Just because a computer is about the size of a ream of paper doesn’t make it a paper tiger.
Small-form-factor PCs are nothing new. While full-sized tower cases live on in servers and exotically equipped game machines, consumer desktops moved to mini-tower chassis long ago, with both business and retail PC suppliers nowadays offering even slimmer and shorter cases or all-in-one PC/LCD monitor combinations. A number of Media Center PCs are horizontal black boxes designed to blend in with hi-fi or home theater gear.
But if you’re looking for a small-form-factor specialist, see Shuttle. Best known for shoebox- or loaf-of-bread-sized, bare-bones systems that avid gamers assemble and carry to LAN parties, Shuttle also sells ready-made PCs, including a low-profile media center.
Even those compact computers, however, look big next to the XPC X100 — Shuttle’s $999 answer to subcompacts like Apple’s Mac Mini and WinBook’s Jiv, right down to sharing those systems’ practice of shipping without a keyboard or mouse. (A Logitech cordless keyboard/mouse duo is a $65 option.)

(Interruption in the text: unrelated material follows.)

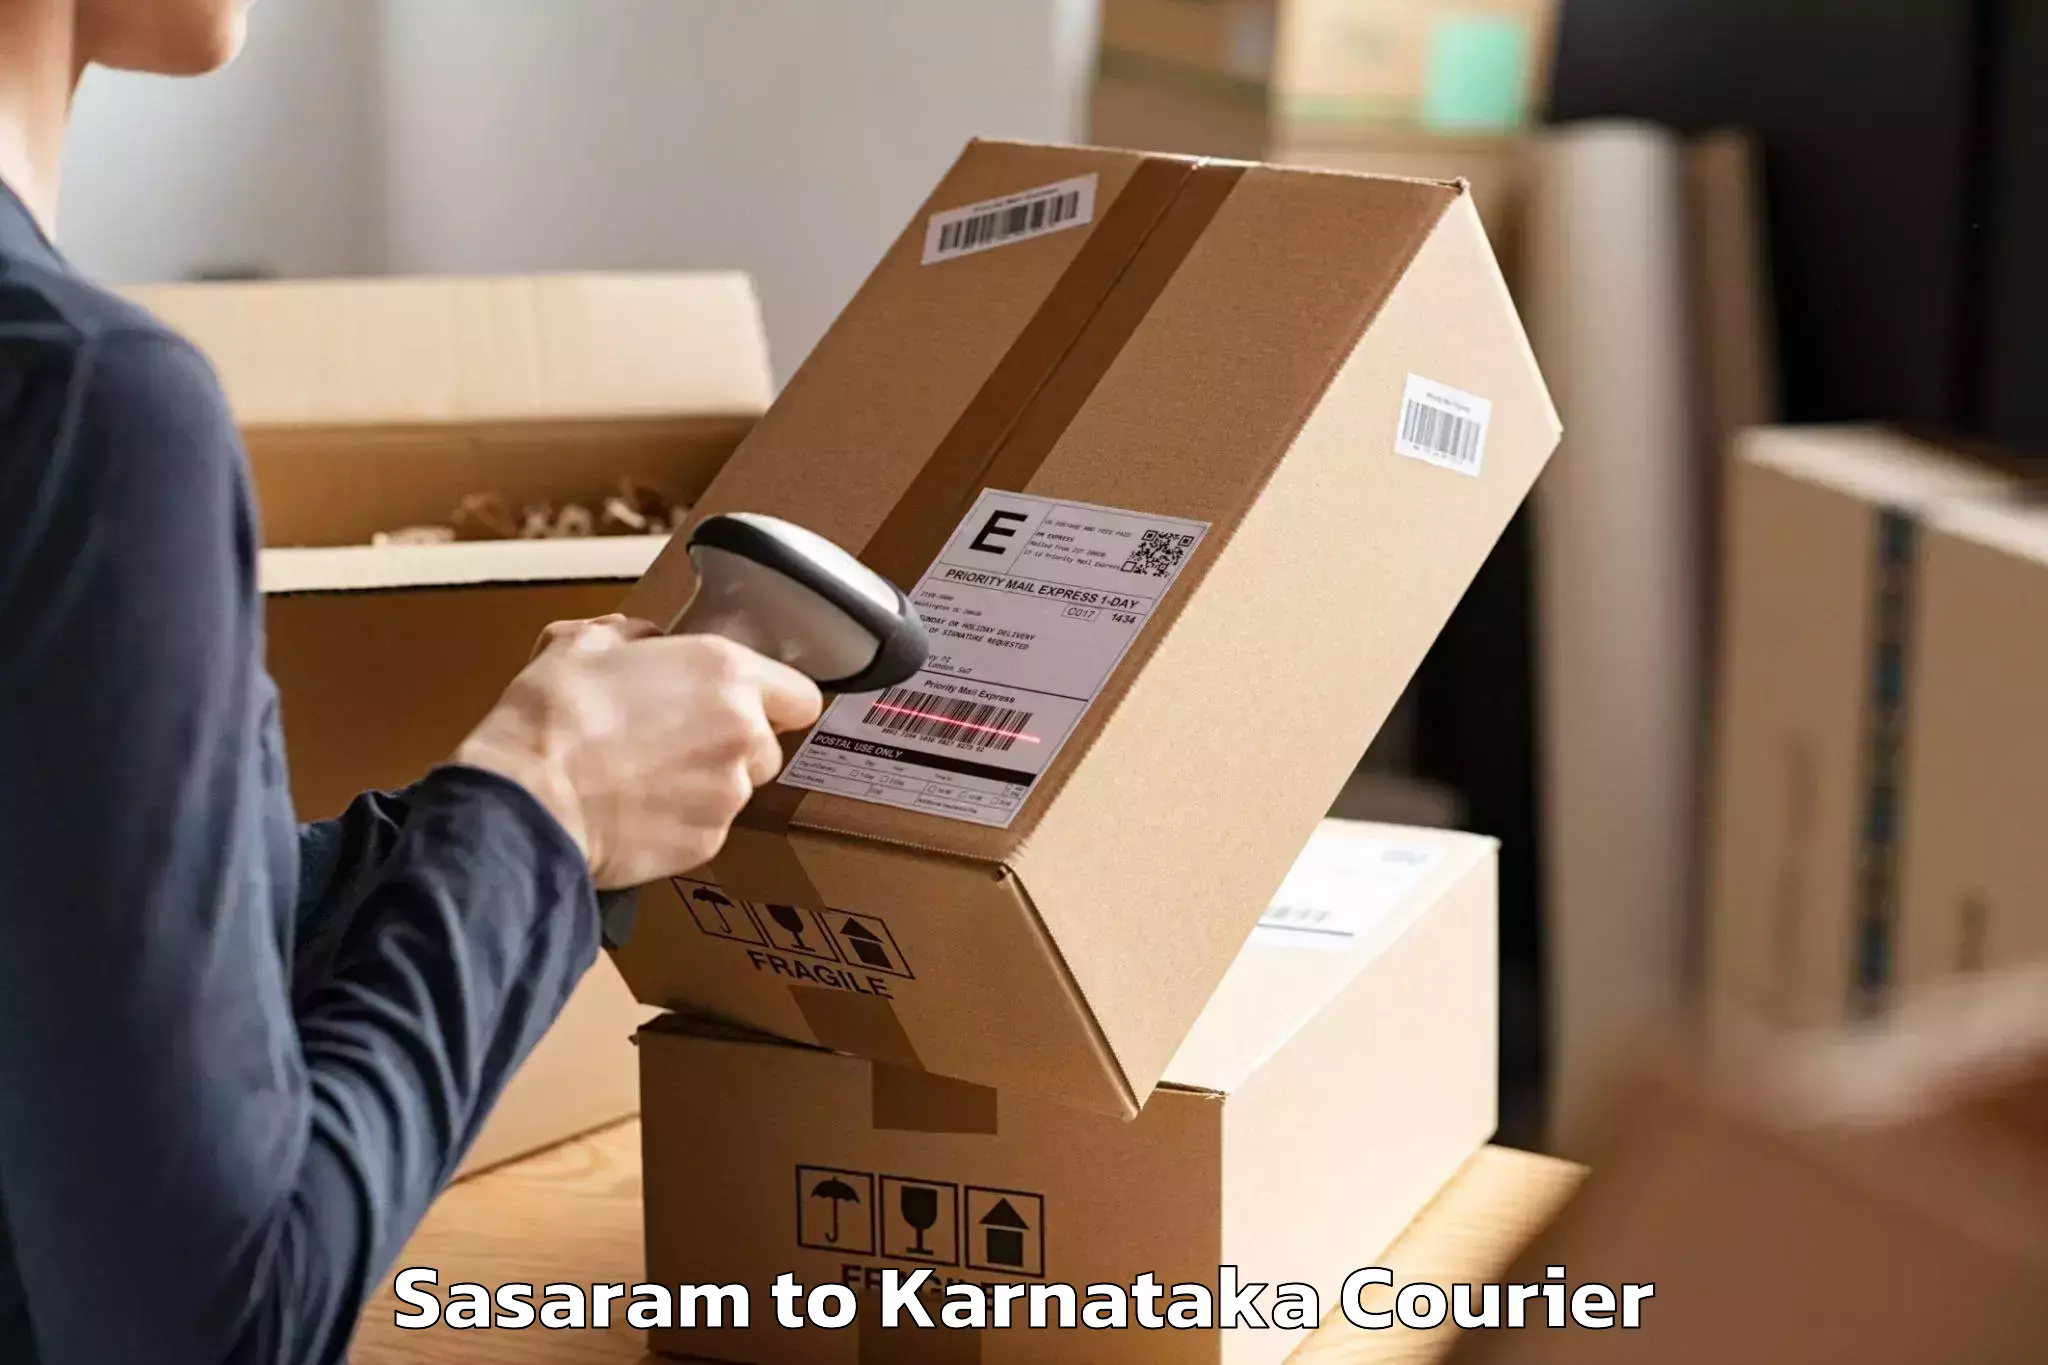 Efficient moving company Sasaram to Devanahalli

Measuring 8.3 by 11.8 by 2.2 inches and weighing something less than seven pounds, the X100 fits comfortably on a crowded desk, especially if placed vertically on a supplied stand (a large “This Side Up” arrow on its underside indicates proper position). Its real-PC credentials include Intel’s Core Duo T2050 processor (two 1.6GHz cores, 2MB of Level 2 cache); 1GB of DDR-2/667 memory expandable to 2GB; and a slot-loading DVD-ROM/CD-RW combo drive. A DVD±RW replacement is $37 extra.
At first glance, the $999 Shuttle looks pricey against a Mac Mini that starts at $599 with a 1.66GHz Core Duo and built-in 802.11g wireless (Wi-Fi is a $42 option for the X100). But the Mac is more of a stripped-down model: Upgraded to 1GB of memory and a 160GB hard disk for $924, it still has less storage capacity than the Shuttle’s 250GB Seagate Barracuda 7,200-rpm Serial ATA drive, as well as slower Intel GMA 950 integrated-chipset graphics compared to the XPC’s ATI Mobility Radeon X1400 graphics controller.
Get Up and Go
In fact, the little Shuttle performed more handily than we expected — though no threat to today’s fastest towers, it topped most of the mainstream notebooks and several of the desktops we’ve sampled lately.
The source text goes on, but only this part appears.